*** Source information

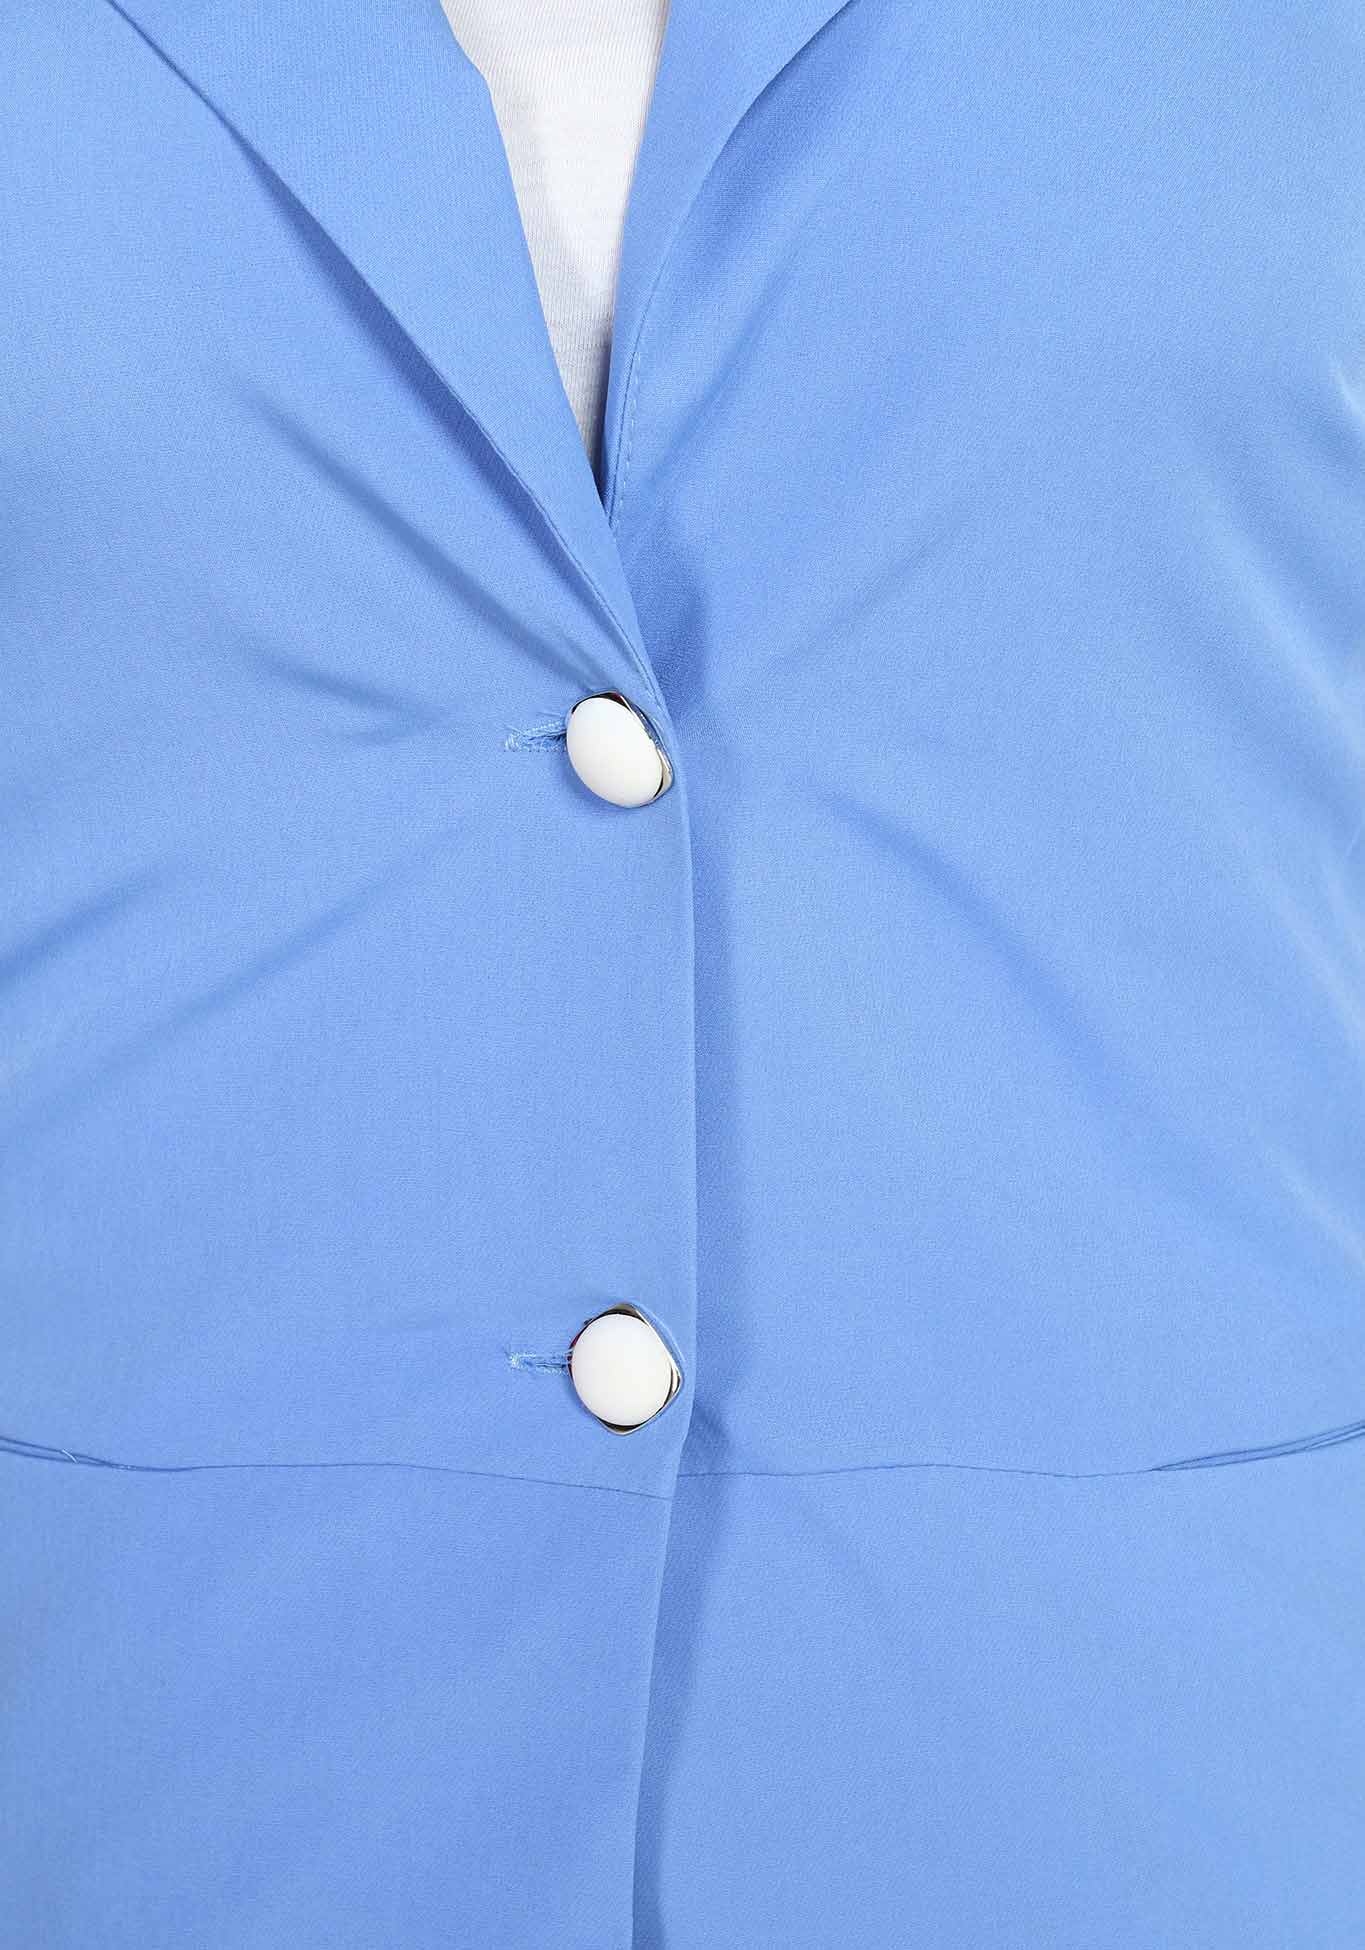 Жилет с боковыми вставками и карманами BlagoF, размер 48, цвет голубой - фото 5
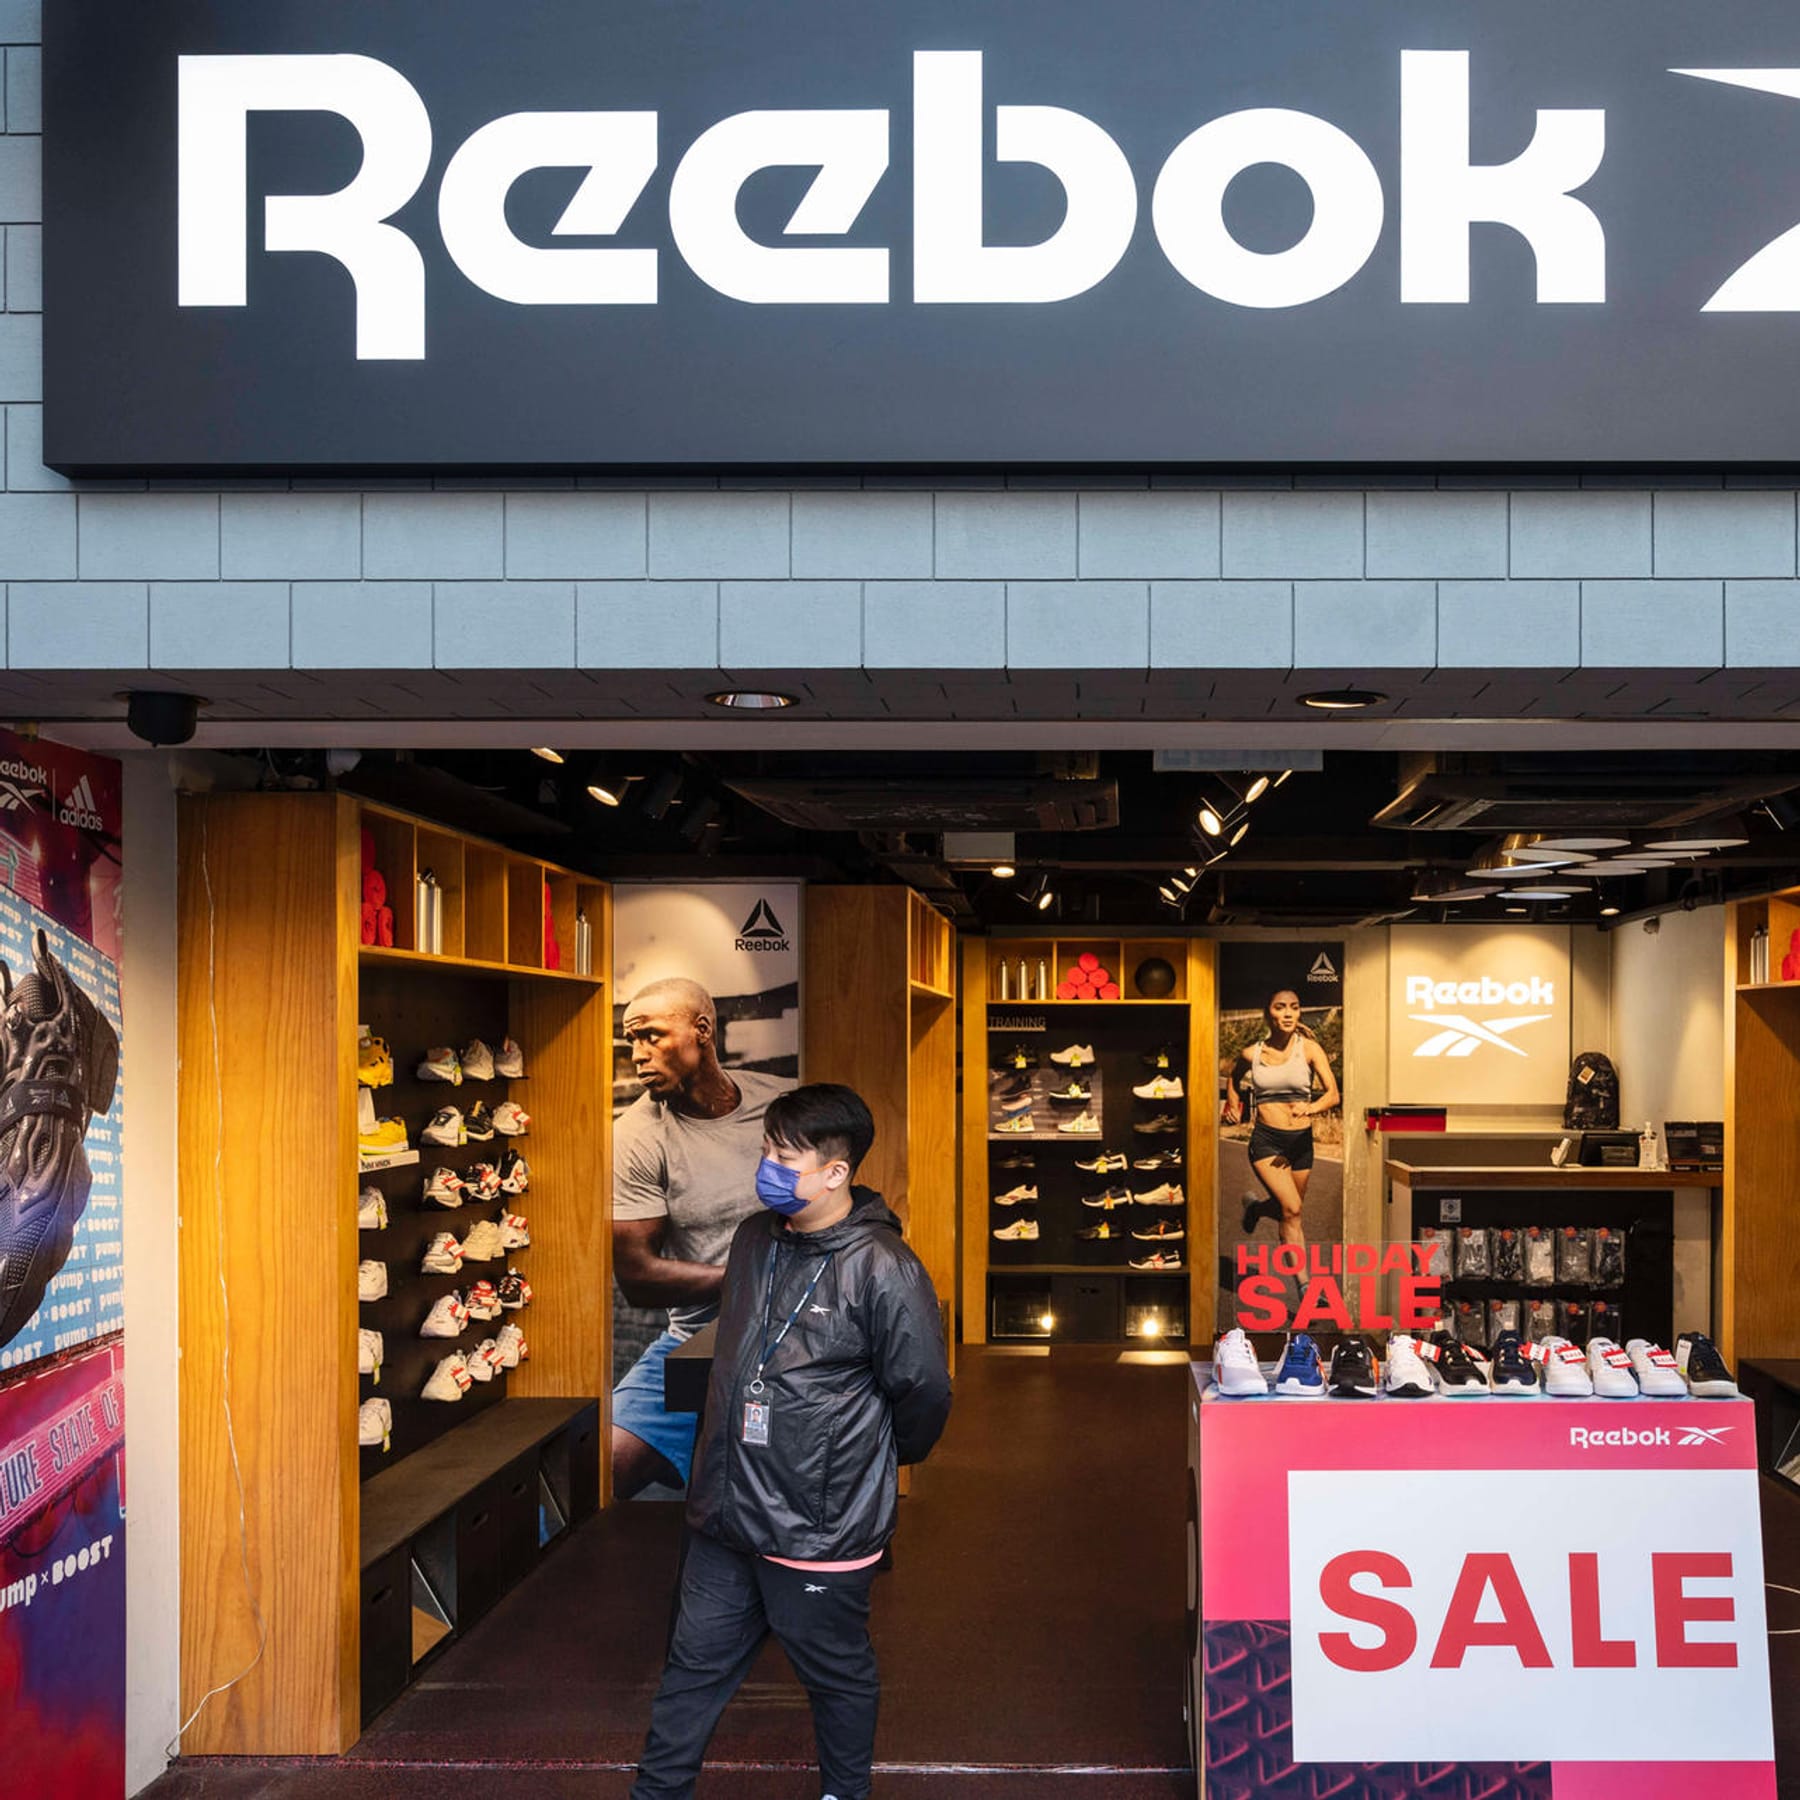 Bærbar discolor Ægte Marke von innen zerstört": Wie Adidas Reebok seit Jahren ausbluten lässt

******
*** Source information

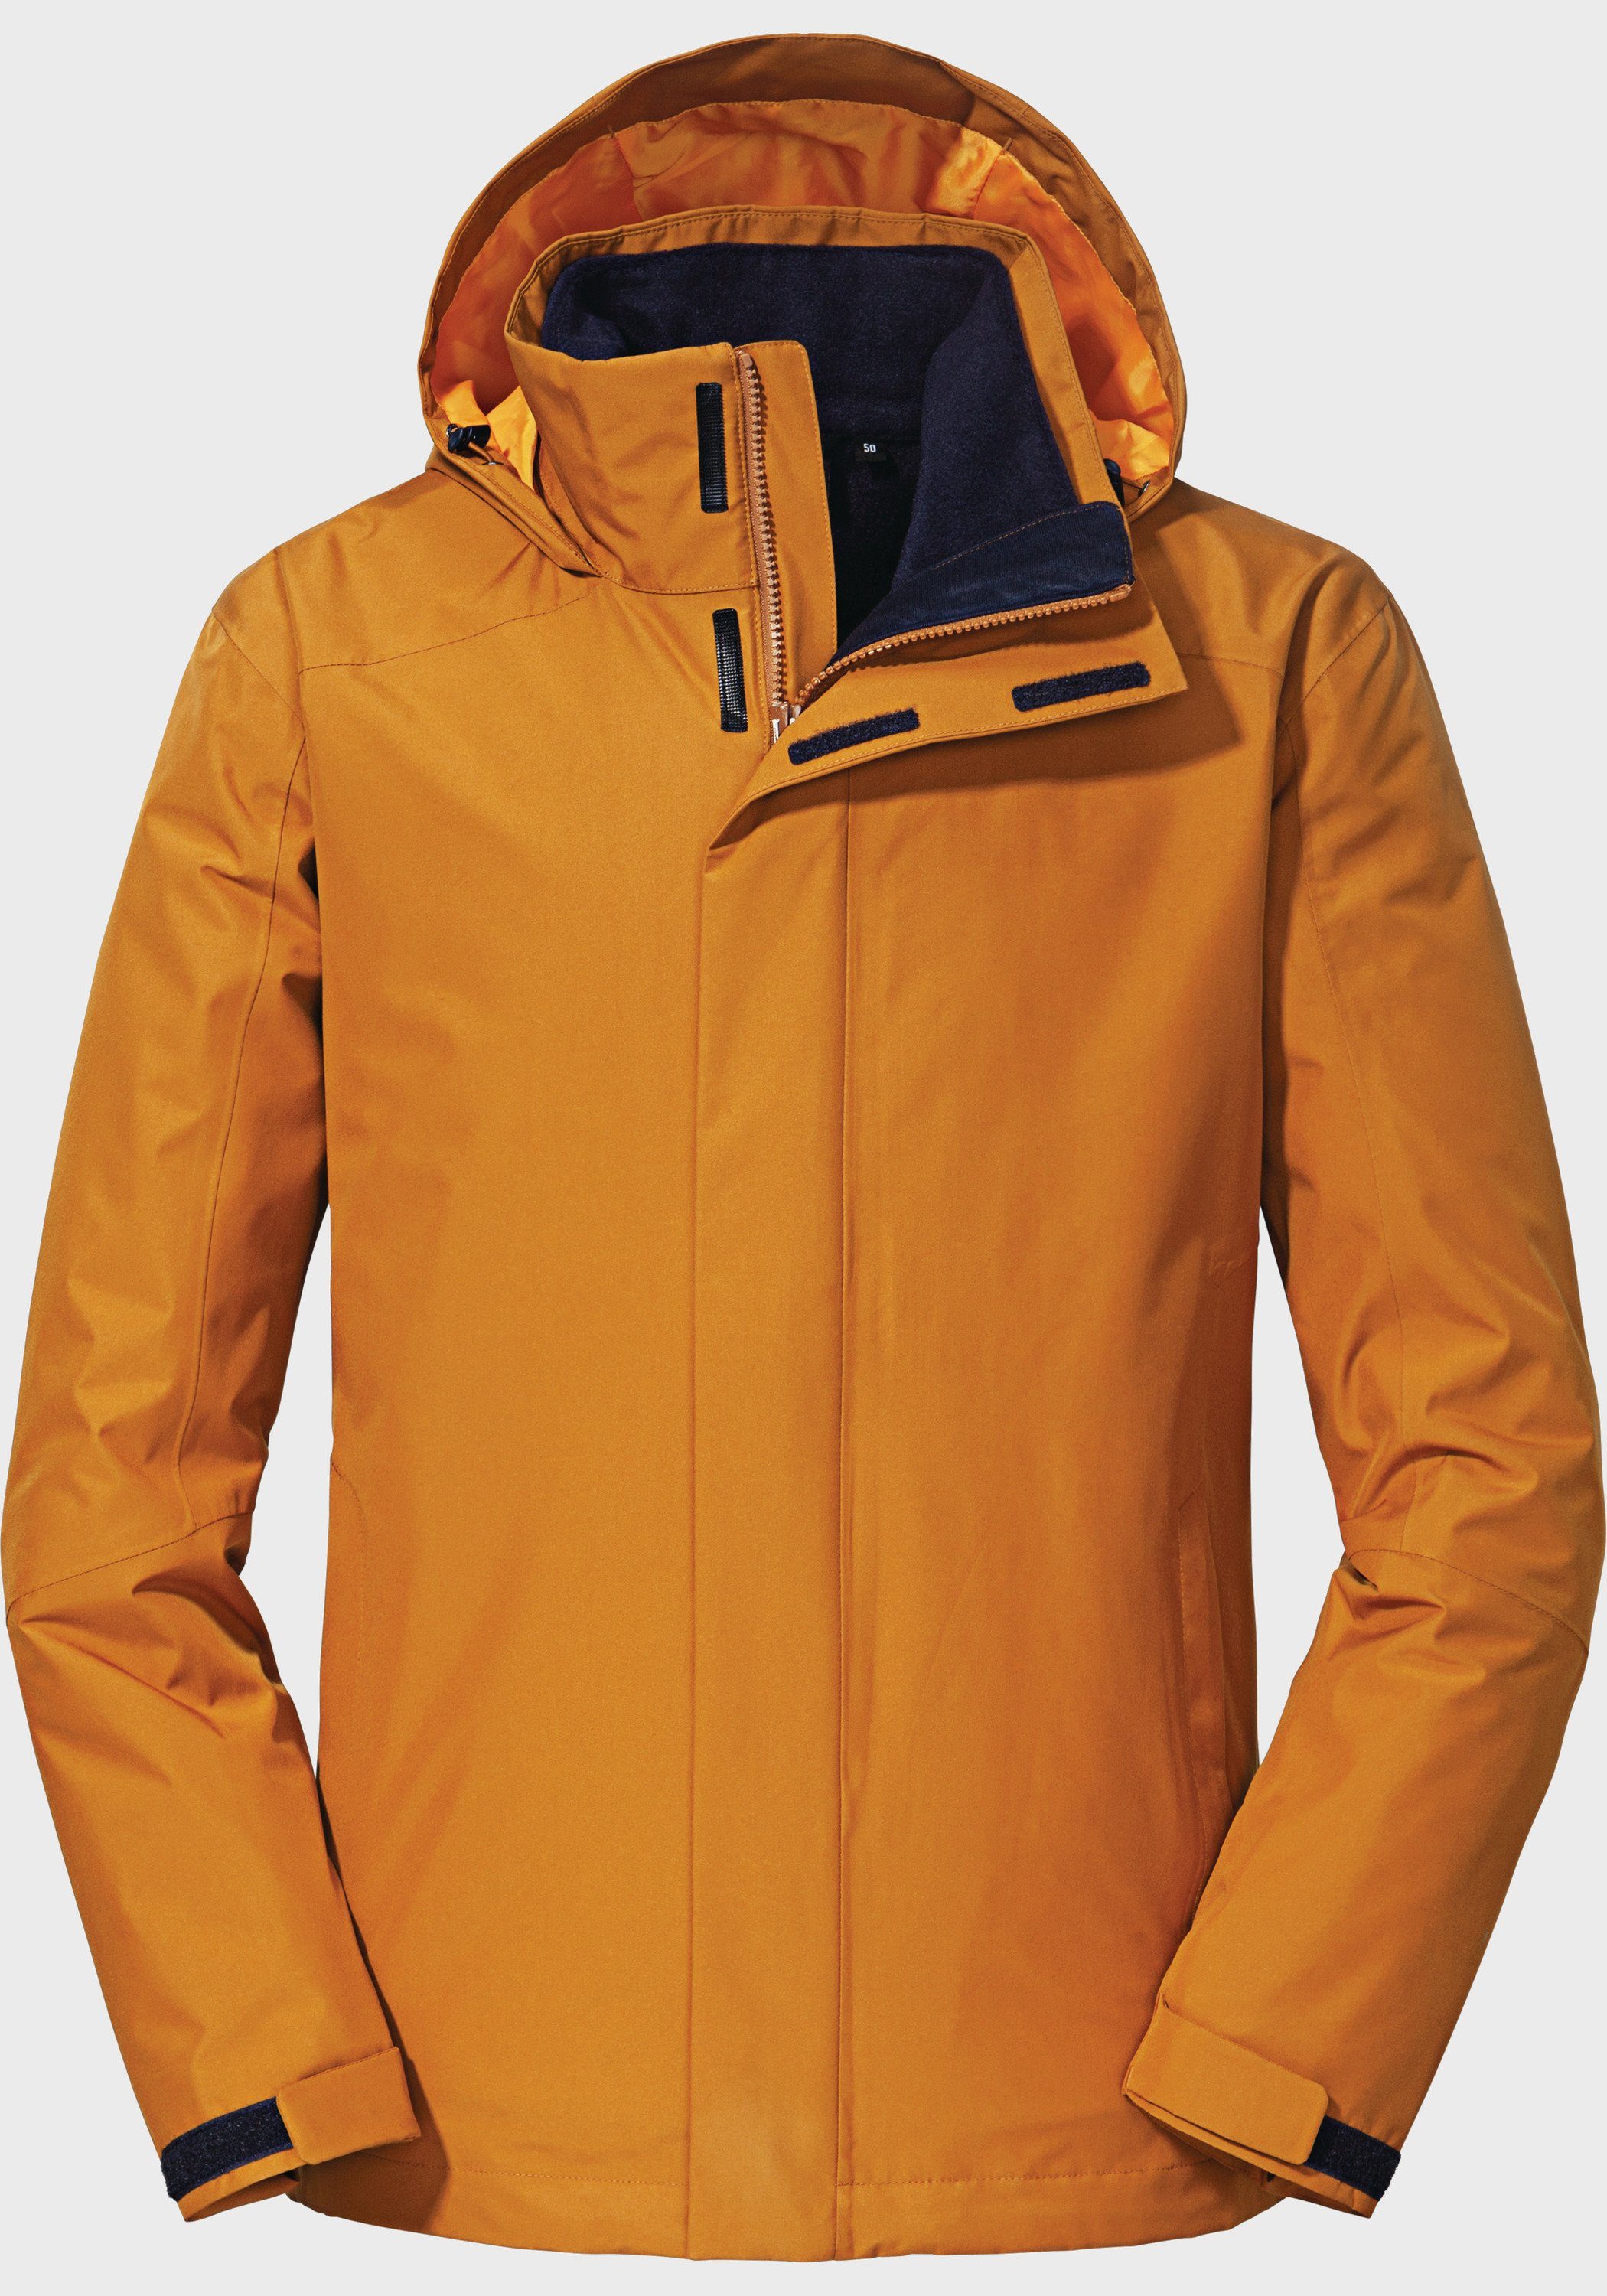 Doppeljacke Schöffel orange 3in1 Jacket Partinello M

******

__Task details__
Using the data above, retype exactly and only the lines from the one containing "Жилет с боковыми" up to and including the one containing "Bærbar discolor Ægte", with no pictures carried over.

__Response to the task__
 Жилет с боковыми вставками и карманами BlagoF, размер 48, цвет голубой - фото 5
 Bærbar discolor Ægte Marke von innen zerstört": Wie Adidas Reebok seit Jahren ausbluten lässt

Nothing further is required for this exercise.